The Bonackers pinned five Huntington opponents here on Jan. 25. Among the pinners was Dallas Foglia, at 152.
The Bonackers pinned five Huntington opponents here on Jan. 25. Among the pinners was Dallas Foglia, at 152.
Jack Graves Photos
By
Jack Graves

   But for the lack of two bodies, the East Hampton High School wrestling team might have wrestled toe-to-toe here in a match with Huntington on Jan. 25, though, despite a flurry of four pins that capped the competition, the Bon­ackers came up short, by a score of 45-33.

    Jacob Hands, a 195-pounder who was to go on to win the 220 division at the Port Jefferson invitational tournament Saturday, flattened Huntington’s Hector Rubio with 6.5 seconds remaining in the first period to start things off, after which Lucas Escobar decisioned John Arceri 3-1. But then the visitors began to take over, with wins at 113, 120, 126, 132, and 145 before Dallas Foglia began the comeback by pinning Melvin Canales midway through the first period at 152. Morgan Rojas, at 160, James Budd, at 170, and Kevin Heine, at 182, followed suit.

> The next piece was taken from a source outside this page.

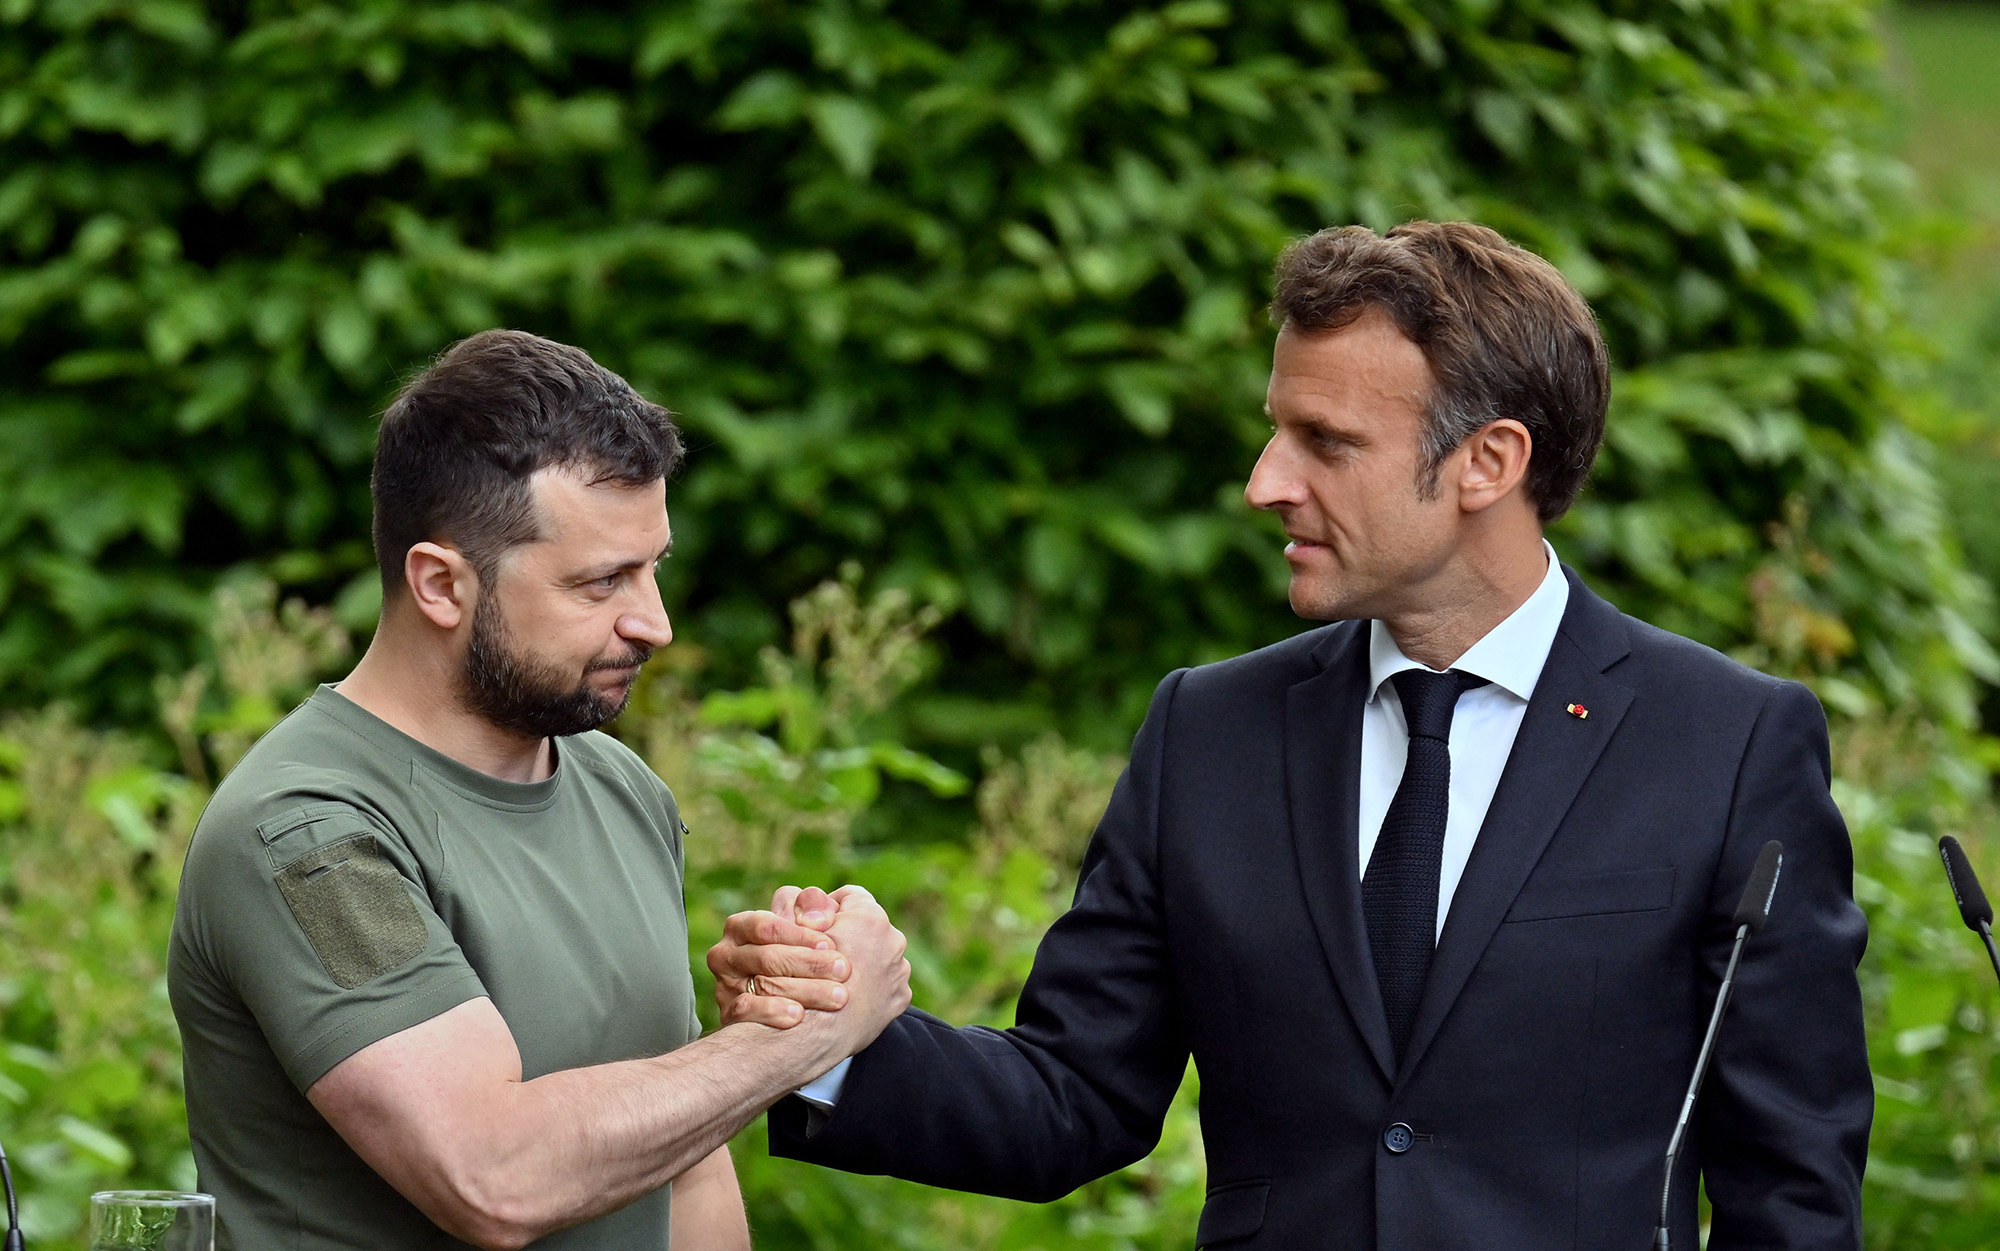 Ukrainian President Volodymyr Zelensky, left, and French President Emmanuel Macron shake hands after giving a news conference in Kyiv, Ukraine, on June 16.

    Afterward, Steve Tseperkas, East Hampton’s coach, said that Foglia, a junior, who had been “on the bottom, executed what we call an elevator reversal and then finished the kid off with a cross-under step and a reverse half nelson.”

    “Rojas was winning 7-0 when he pinned his kid, Budd pinned his kid in 55 seconds, and Heine used a bear hug throw to pin his guy in 48 seconds. . . . Hands used a double-leg takedown and a half nelson to get his pin.”

    The most riveting match of the evening, however, came at 145 pounds, in which East Hampton’s Mike Peralta and the visitors’ Kevin Mendez were the opponents.

    Mendez got the first takedown, in the first period, Peralta got a point for an escape in the second, and then let Mendez up, sacrificing a point at the beginning of the third before executing a single-leg takedown to tie the score at 3-3 with 20 seconds remaining. And the score remained knotted through three 30-second overtime periods, until, in the fourth OT, Mendez, who had chosen the top position, rode Peralta out, thus winning 4-3.

    Sawyer Bushman, East Hampton’s 126-pounder, was pinned near the end of the first period of his match with Corey Jamison, but Tseperkas said that Jamison, the top-ranked 113-pounder in the county, was wrestling up that day, having weighed in at 120. Tseperkas added that Matthew Smudzinski, who lost 3-0 at 120, and Colton Kalbacher, who lost 4-1 at 132, had “wrestled tough.” East Hampton forfeited at 99 and at 285 pounds, giving up 12 points to the visitors as a result.

    Tseperkas took 11 wrestlers to Saturday’s tournament at Port Jeff, a tournament that, as is the case with the league tourney that is to be contested at Bellport this weekend, eliminated contestants who did not make it to the semifinal round.

    Of the 11, there were, said the coach, three place-winners — Hands, who, as aforesaid, won the 220-pound division, Bushman, who was the runner-up at 126, and Escobar, who placed third at 106.

    Before he lost 4-0 in the final to Patchogue-Medford’s Armani Hendricson, the sixth-ranked wrestler in the county at that weight, Bushman pinned Patrick Ciancimino, the Sayville B team’s entry and the third-place finisher in League V last year, 24 seconds into the second period. Tseperkas said that in the final “Sawyer rode Hendricson the whole time in the third period and was close to turning him to his back twice.”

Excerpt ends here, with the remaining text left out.